[PATCH] mm: khugepaged: fix NR_FILE_PAGES accounting in collapse_file()

Shakeel Butt posted 1 patch 1 week, 1 day ago
mm/khugepaged.c | 4 +++-
1 file changed, 3 insertions(+), 1 deletion(-)
[PATCH] mm: khugepaged: fix NR_FILE_PAGES accounting in collapse_file()
Posted by Shakeel Butt 1 week, 1 day ago
In META's fleet, we are seeing high level cgroups with zero file memcg
stat but their descendants have non-zero file stat. This should not be
possible. On further inspection by looking at kernel data structures
though drgn, it was revealed that the high level cgroups have negative
file stat which was aggregated from their children.

Another interesting point was that this specific issue start happening
more often as we started deploying thp-always more widely which
indicates some correlation between file memory and THPs and indeed it
was found that file memcg stat accounting is buggy in the collapse code
path from the start.

When collapse_file() replaces small folios with a large THP, it fails to
properly update the NR_FILE_PAGES memcg stat for both the old folios
being freed and the new THP being added. It assumes the old and new
folios belong to the same cgroup. However this assumption breaks in
couple of scenarios:

1. Binary (executable) package downloader running in a different cgroup
   than the actual job executing the downloaded package.
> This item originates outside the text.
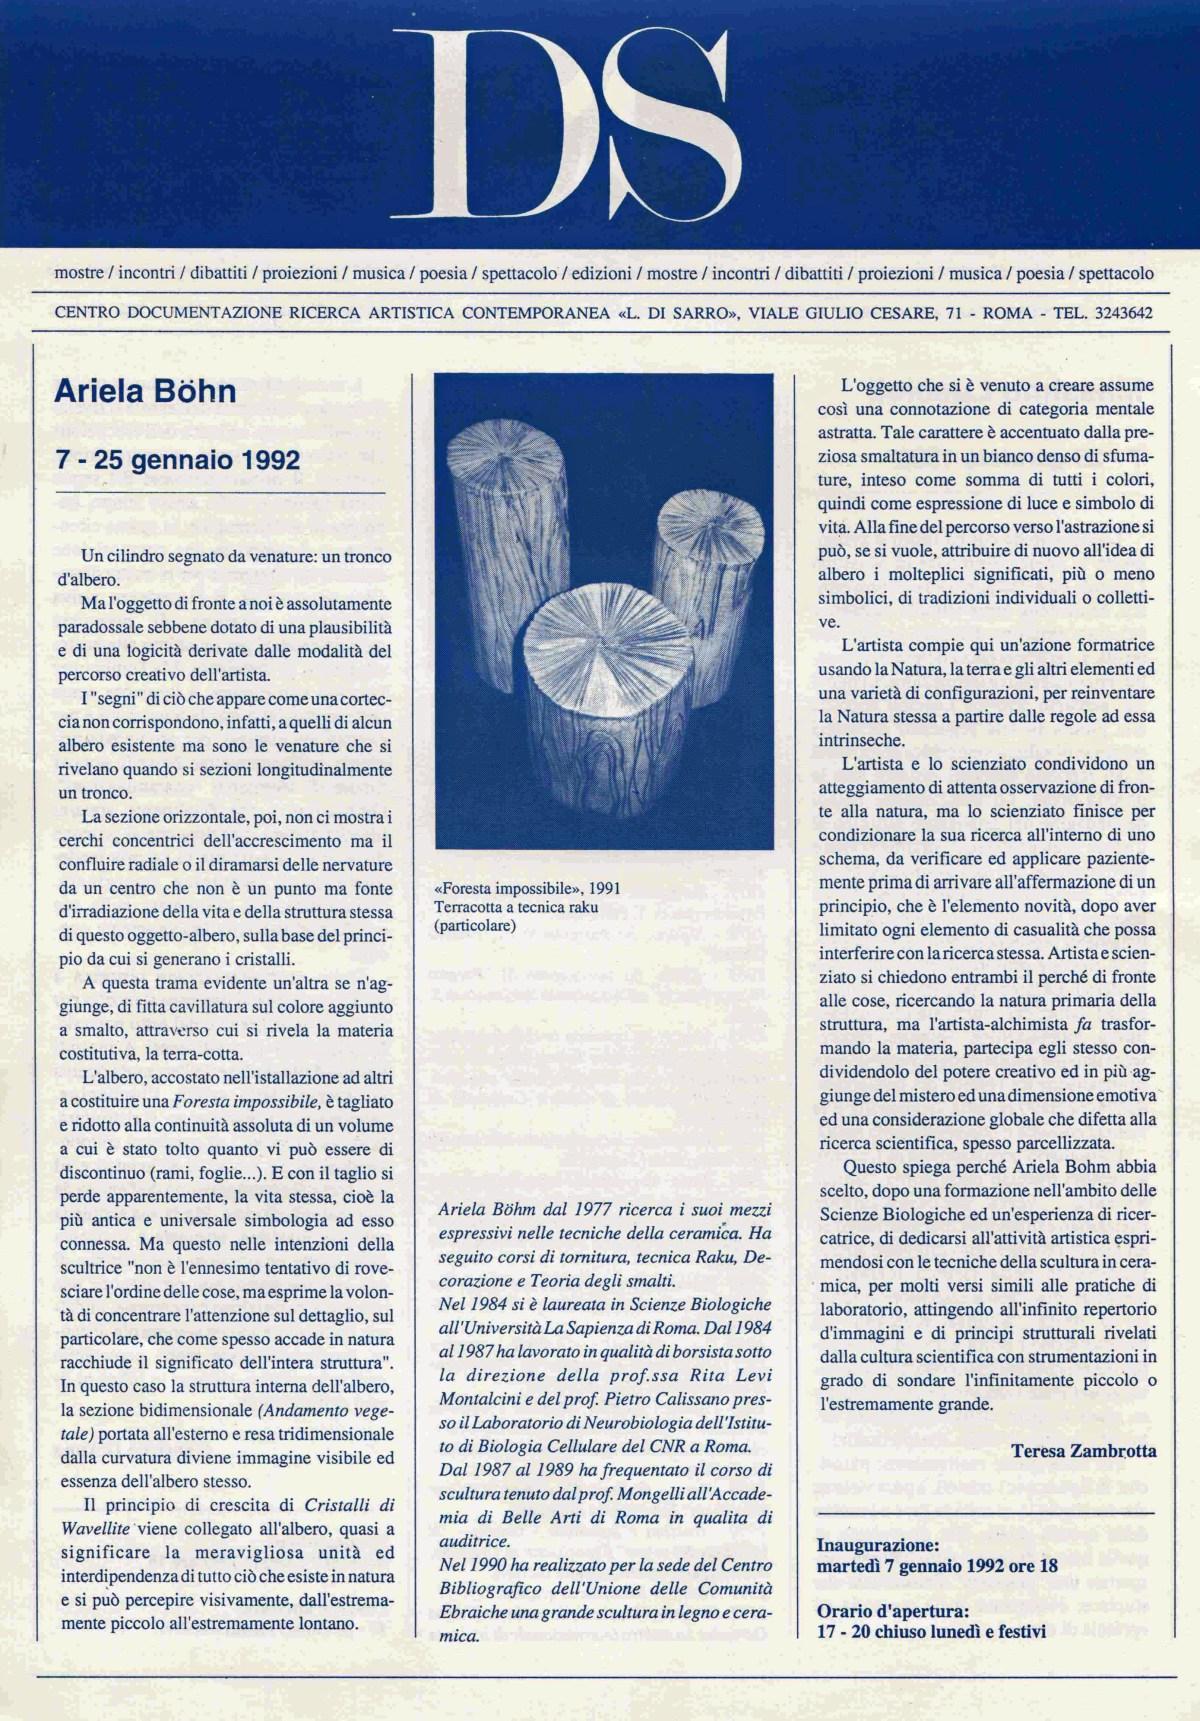 Ariela Bohm, Massimo Luccioli  7 - 25 gennaio 1992

2. File shared and mapped by processes running in different cgroups. One
   process read-in the file and the second process either through
   madvise(COLLAPSE) or khugepaged on behalf of second process
   collapsing the file.

So, the current code has two bugs:

1. For non-shmem files, NR_FILE_PAGES is never incremented for the new
   THP because nr_none is always 0 for non-shmem, and the stat update is
   inside the "if (nr_none)" block.

2. When freeing old folios, NR_FILE_PAGES is never decremented because
   folio->mapping is set to NULL directly without calling
   filemap_unaccount_folio().

These bugs cause incorrect per-memcg accounting when the process
triggering the collapse (MADV_COLLAPSE or khugepaged) belongs to a
different memcg than the process that originally faulted in the pages:

  - Process A (memcg X) reads file, creating 512 small page cache folios
    charged to memcg X (NR_FILE_PAGES += 512 for memcg X)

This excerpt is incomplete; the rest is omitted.